Japanese private equity real estate funds attracted more capital than similar funds across Asia in the first three quarters of 2011 according to Switzerland and Singapore-based investment advisory group, Swisslake.
In a market analysis document published yesterday, the firm said $7.4 billion was captured by Japanese private equity real estate vehicles in that period, accounting for a market share of 37 percent. This compares to just $2.7 billion raised by Japanese funds during the same period last year.
“Compared to 2010, the target equity for Japan has almost tripled with its market share increasing by 13 percent year on year,” Swisslake said. The firm attributed this increase to the size of the Japanese market, which is second only to the US, coupled with it being the most liquid in Asia and, particular to 2011, a sizeable market correction compounded by the events surrounding the Fukushima earthquake in March.

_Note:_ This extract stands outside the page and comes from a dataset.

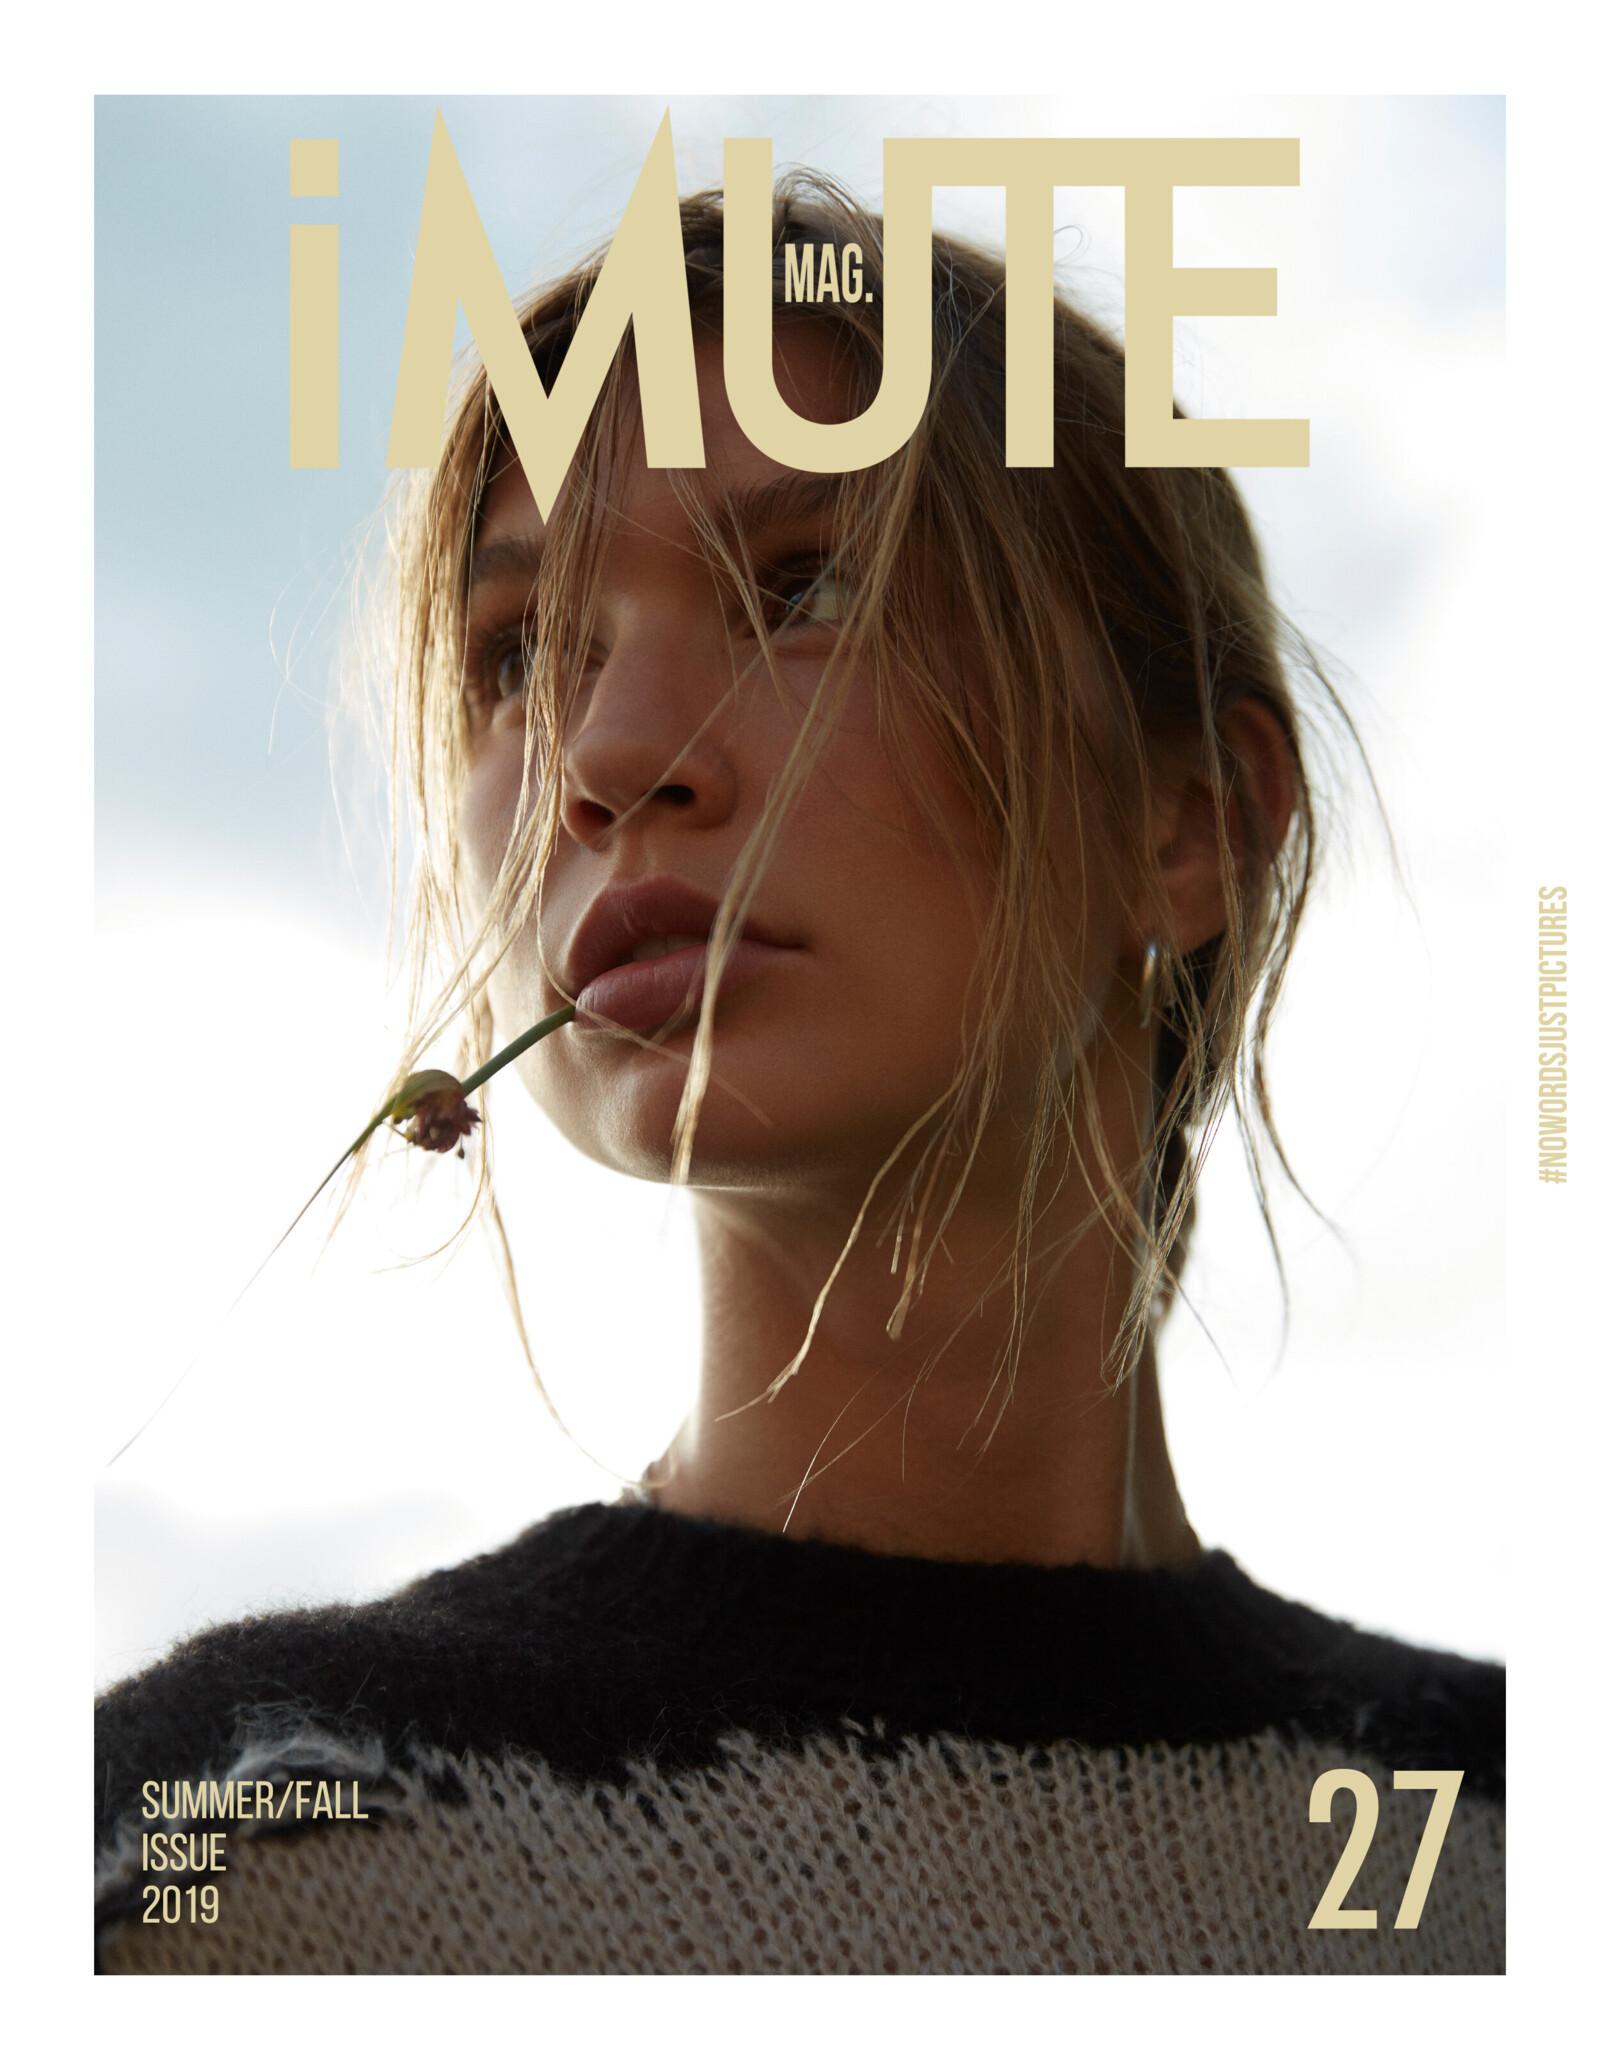 IMUTE+27
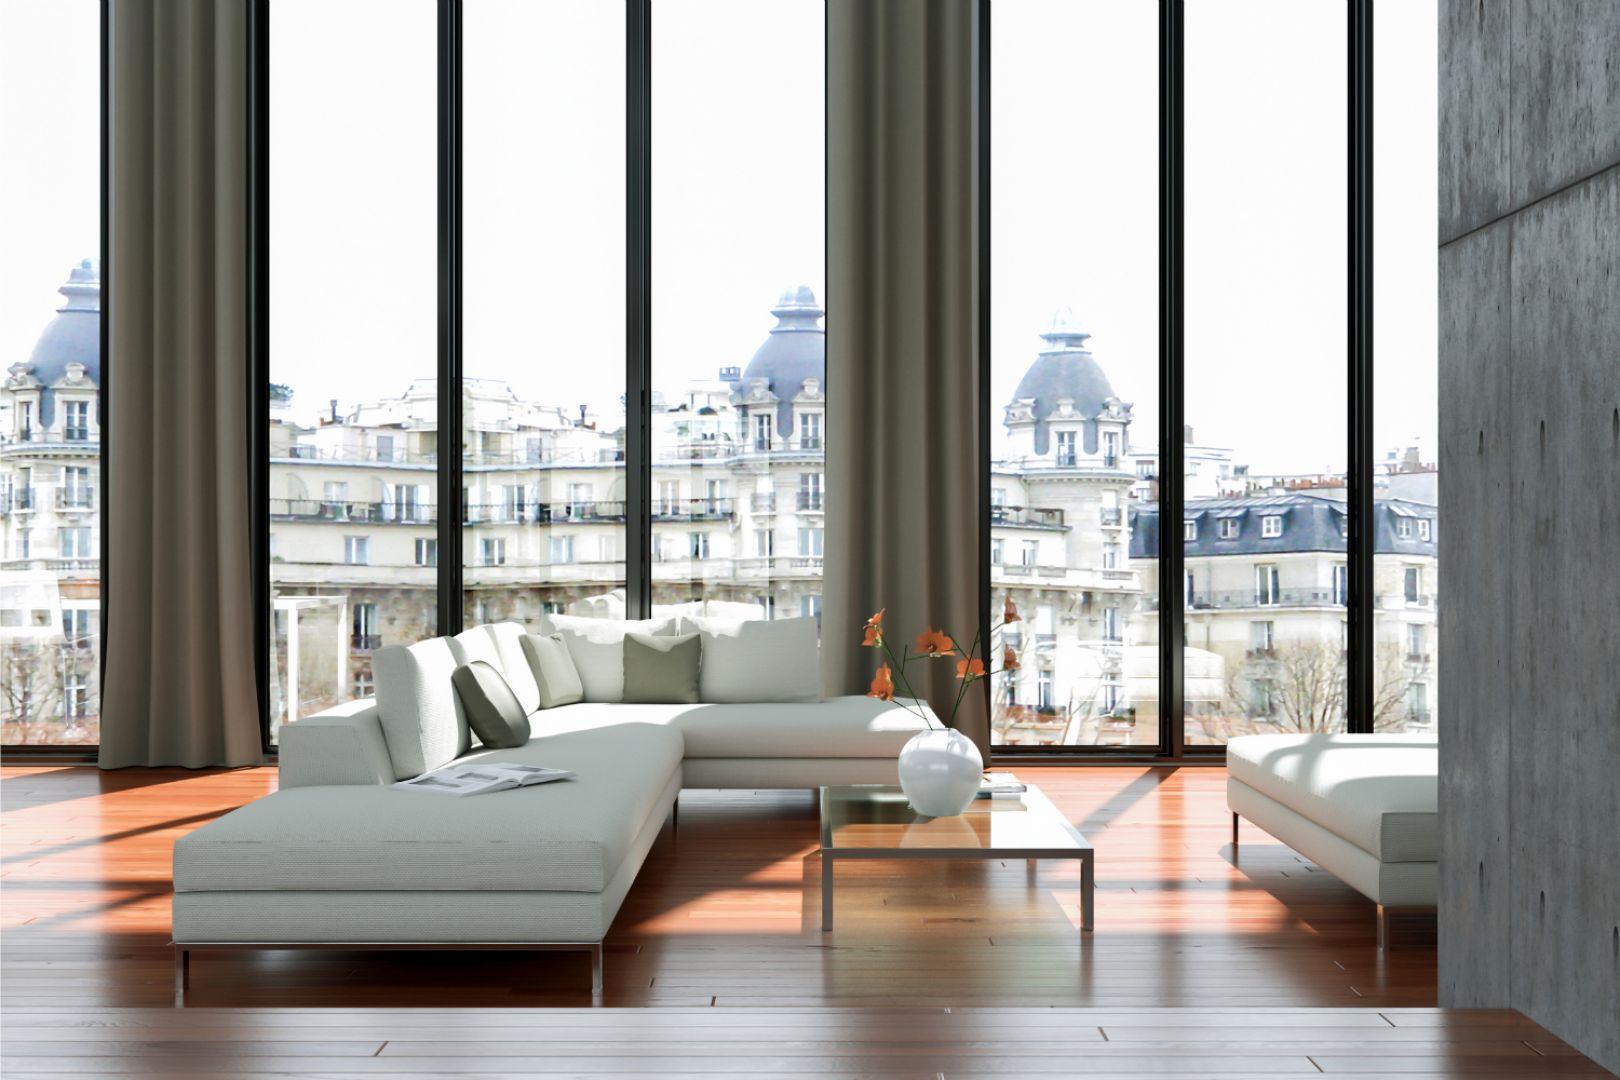 Rozmieszczenie okien w domu ma znaczenie, a ich wielkość nie tylko determinuje ilość naturalnego światła w pomieszczeniach, lecz także znacząco wpływa na temperaturę we wnętrzach. Fot. Saint-Gobain

“Following the events at Fukushima, the already significant price correction continued but has bottomed out in the meantime,” Swisslake said echoing similar sentiments shared by Japanese fund managers with PERE over recent months.
Swisslake said initial yields are a way off peak levels recorded in 2007 and 2008 and that rental levels, which also heavily corrected, are now affordable for certain occupiers wishing to enter or re-enter Tokyo’s central business district, to do so. This, in turn, has benefited Tokyo’s vacancy rate which now stands at around 7 percent, an improvement on the about 10 percent level recorded in the immediate years following the start of the global financial crisis.
“It is therefore not surprising that 28 percent of the equity, targeted by private equity real estate funds in 2011, are earmarked for office investments,” Swisslake said adding there was a lack of competition for such funds as Japanese REITs, traditional buyers of Japan’s offices, had until recently been net sellers. “They had to struggle with financing issues and the equity market due to high discounts of their shares.”
Swisslake also said 37 percent of equity was raised for debt-related investment vehicles and that provided a “vivid example” of how private equity real estate immediately picked up on certain market inefficiencies and provide funds to take advantage, “a model for anti-cyclical investment” it said.